*** SUPPLIED INFORMATION ***

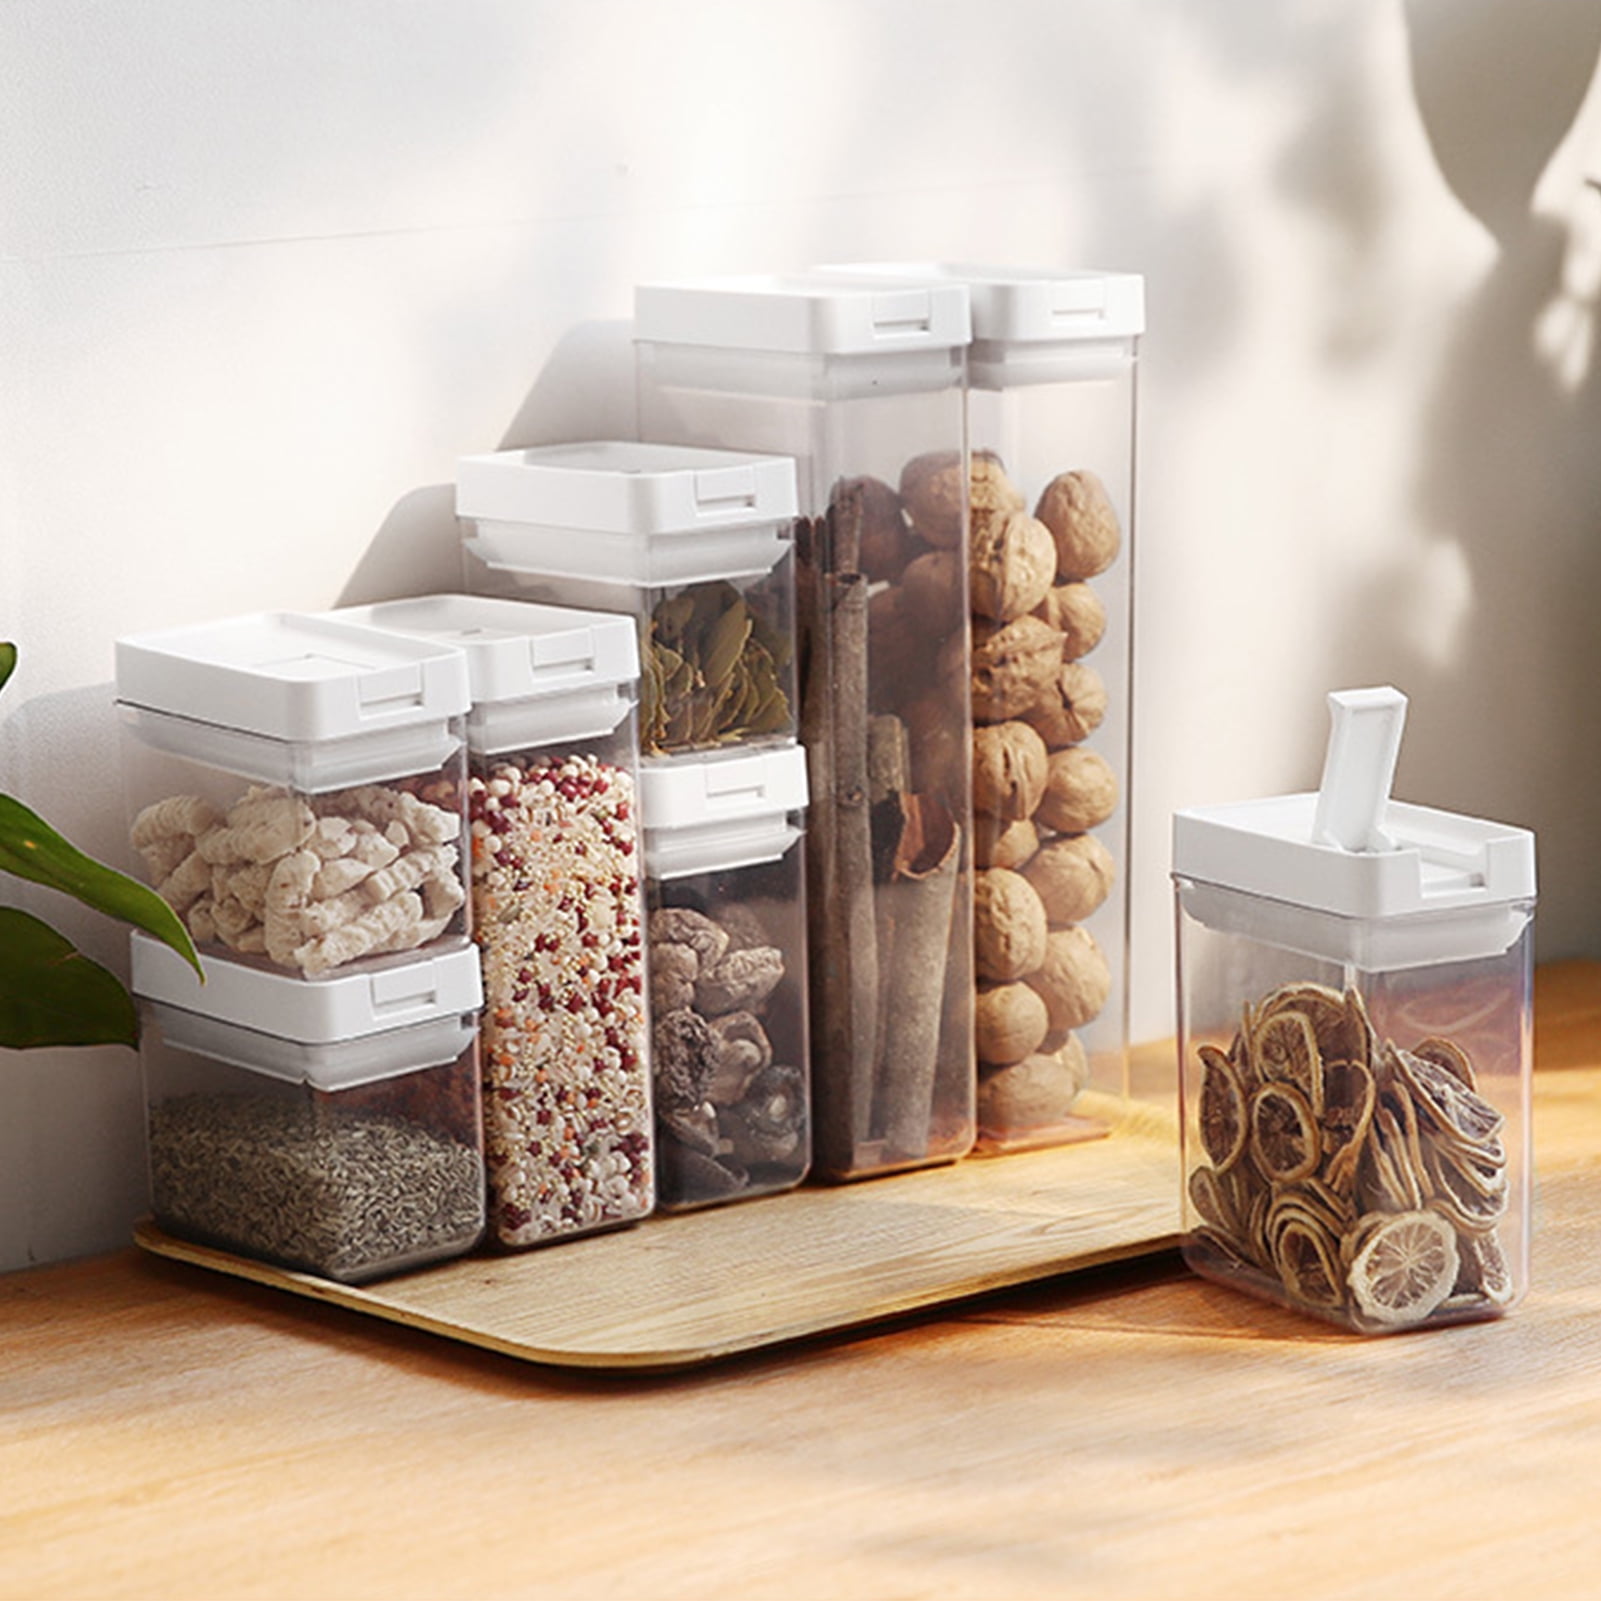  Food Storage Container Organizer 2pc - Lid Organizer Box -  Adjustable Kitchen Organizing Box - Compatible with Tupperware Glad  Rubbermaid Ziploc Containers - Drawers and Cabinet Organization (2): Home &  Kitchen
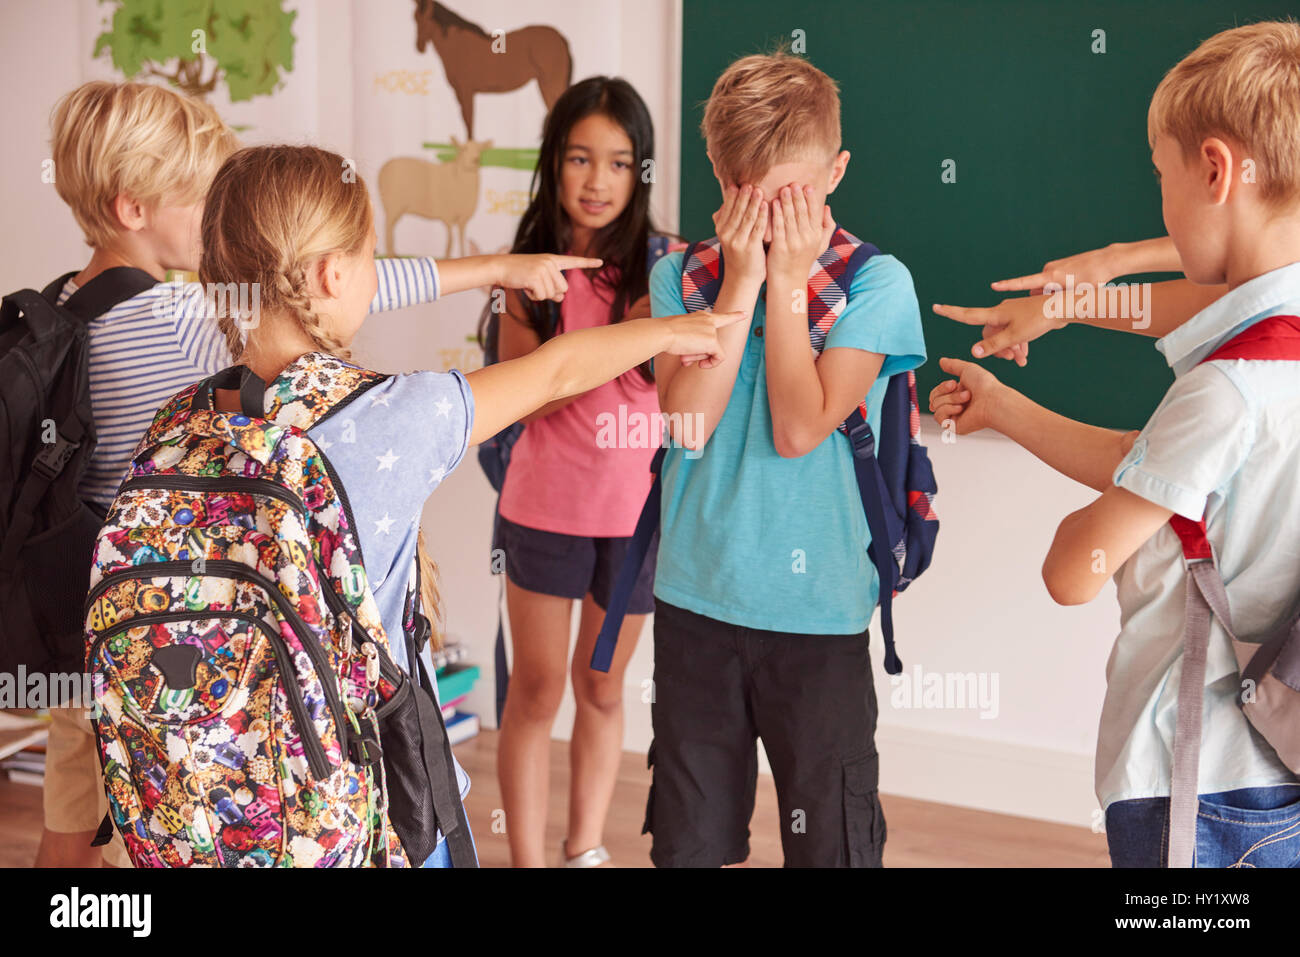 Kids laughing at their classmate Stock Photo
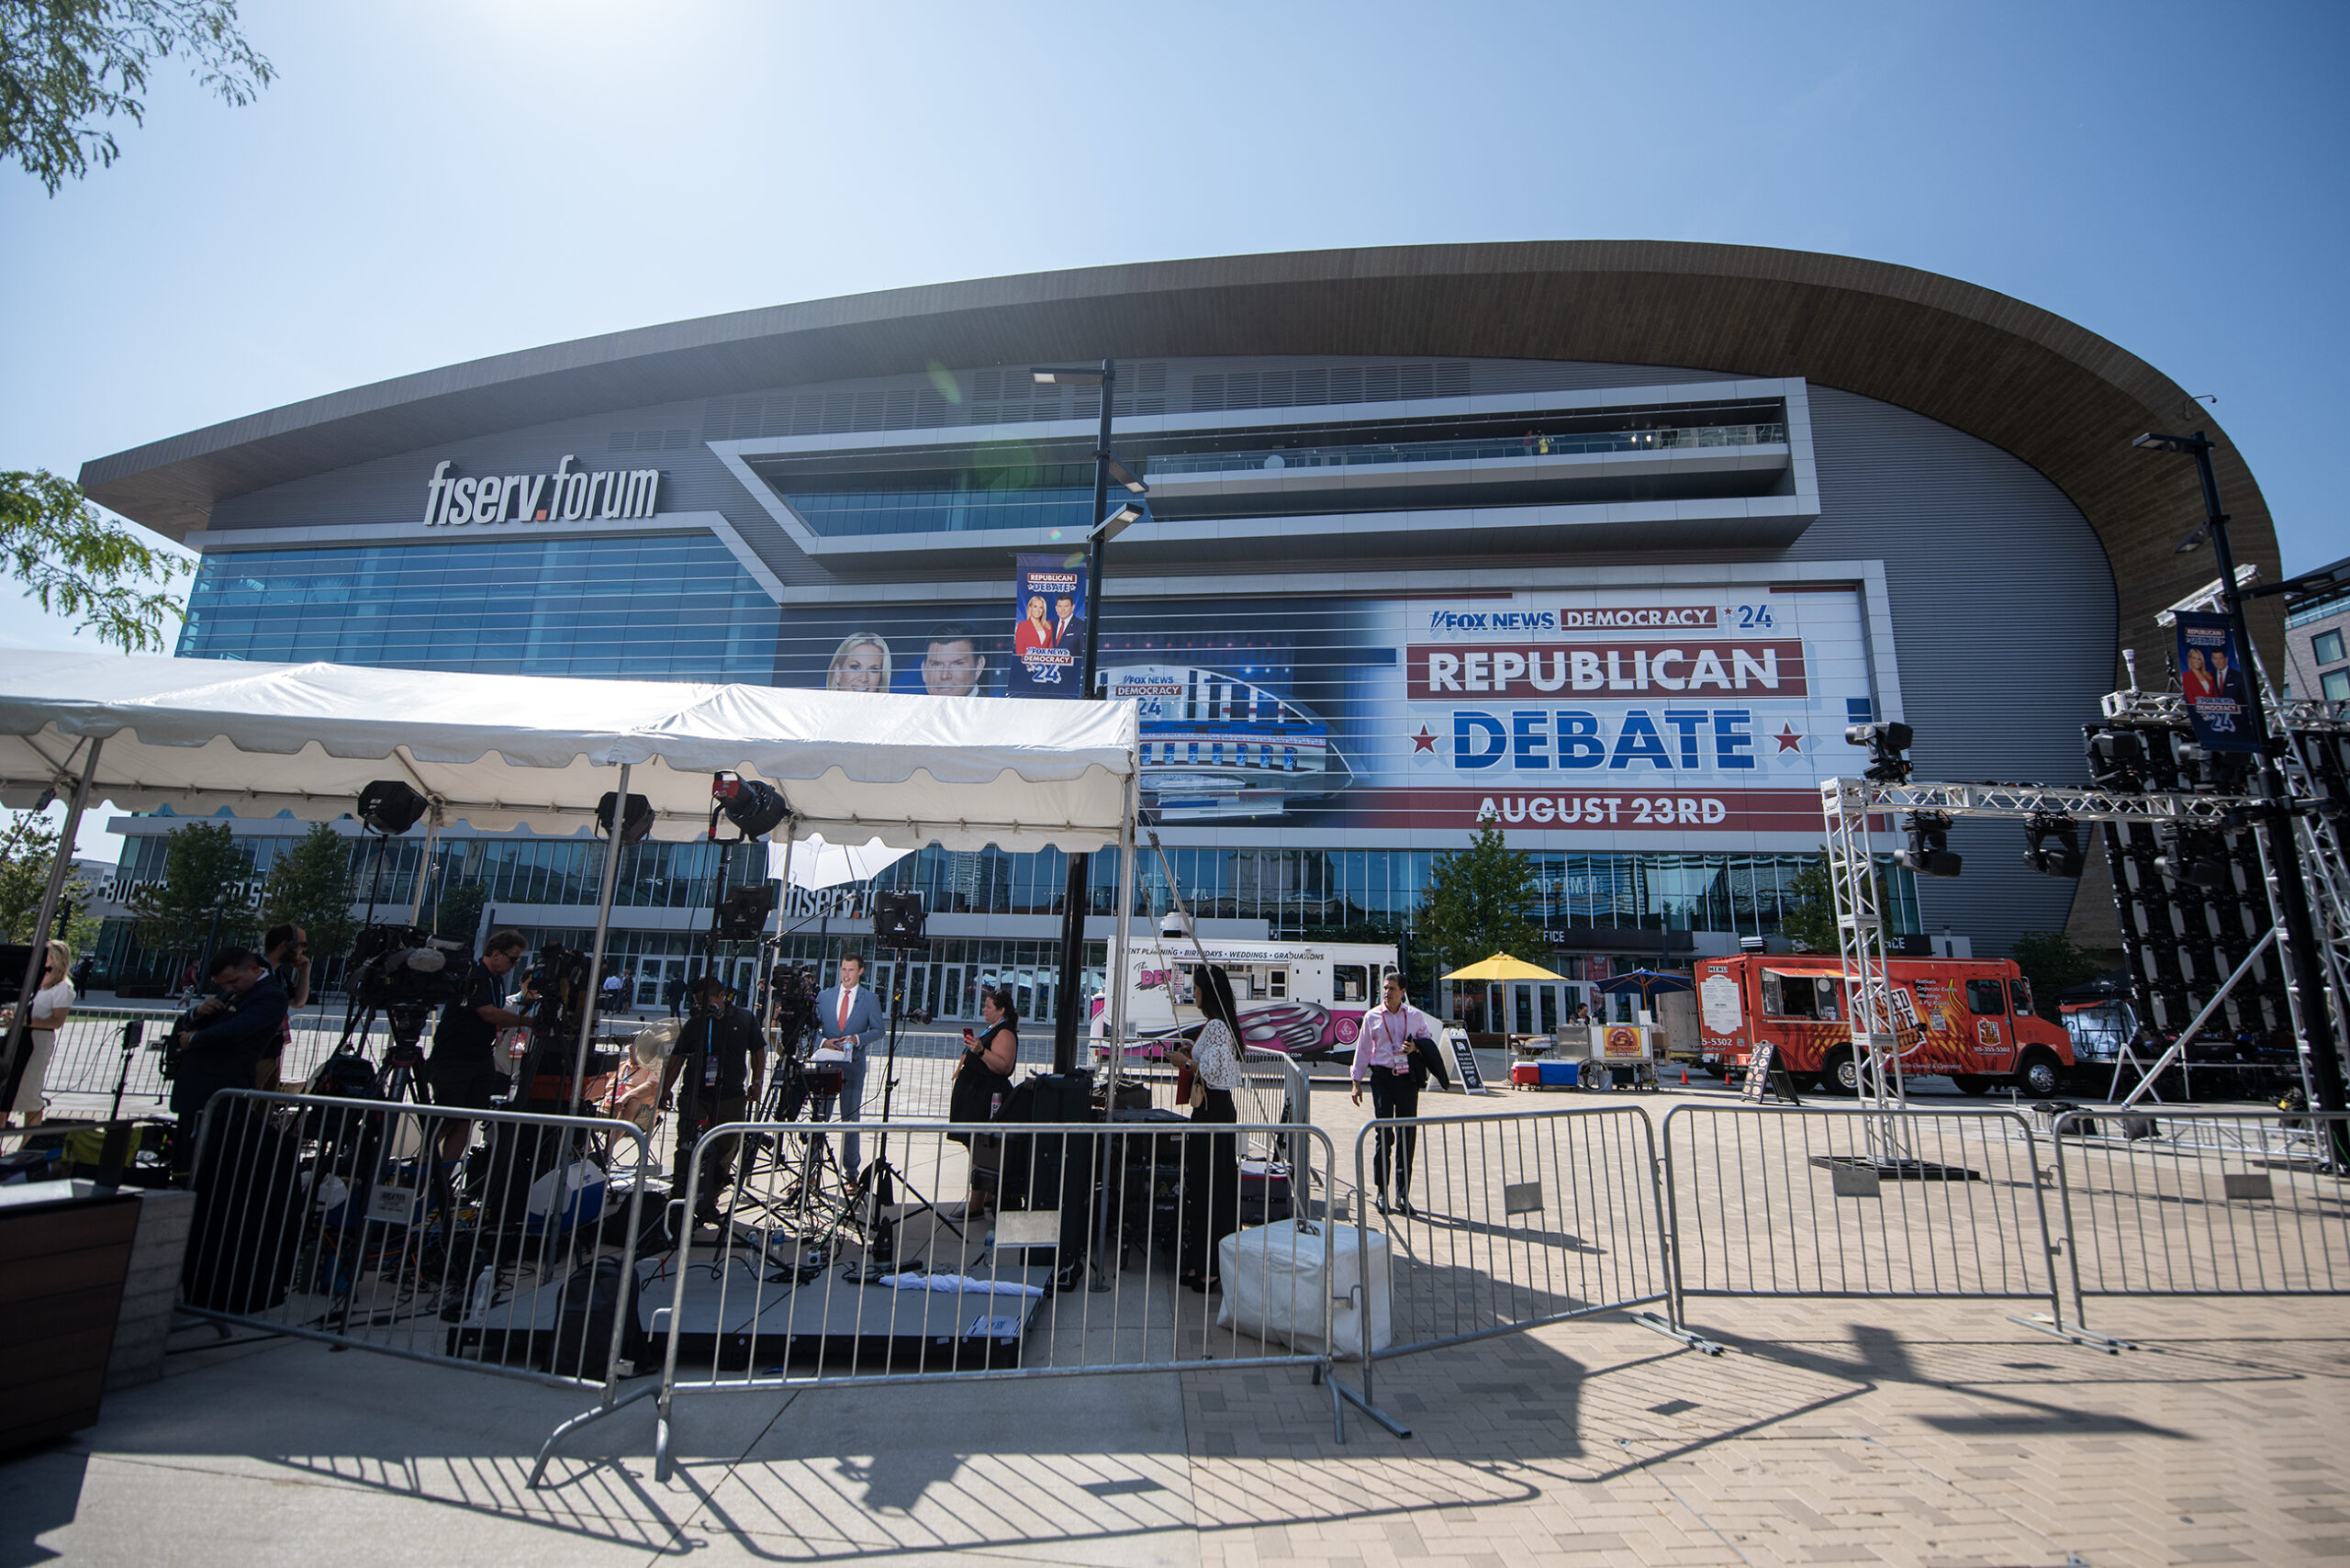 The Fiserv Forum has signage for the debate on the walls.

*** End of SUPPLIED INFORMATION ***

BRIEF — Output the listing above exactly as it stands; no picture should appear.

REPLY —
  Food Storage Container Organizer 2pc - Lid Organizer Box -  Adjustable Kitchen Organizing Box - Compatible with Tupperware Glad  Rubbermaid Ziploc Containers - Drawers and Cabinet Organization (2): Home &  Kitchen
 Kids laughing at their classmate Stock Photo
 The Fiserv Forum has signage for the debate on the walls.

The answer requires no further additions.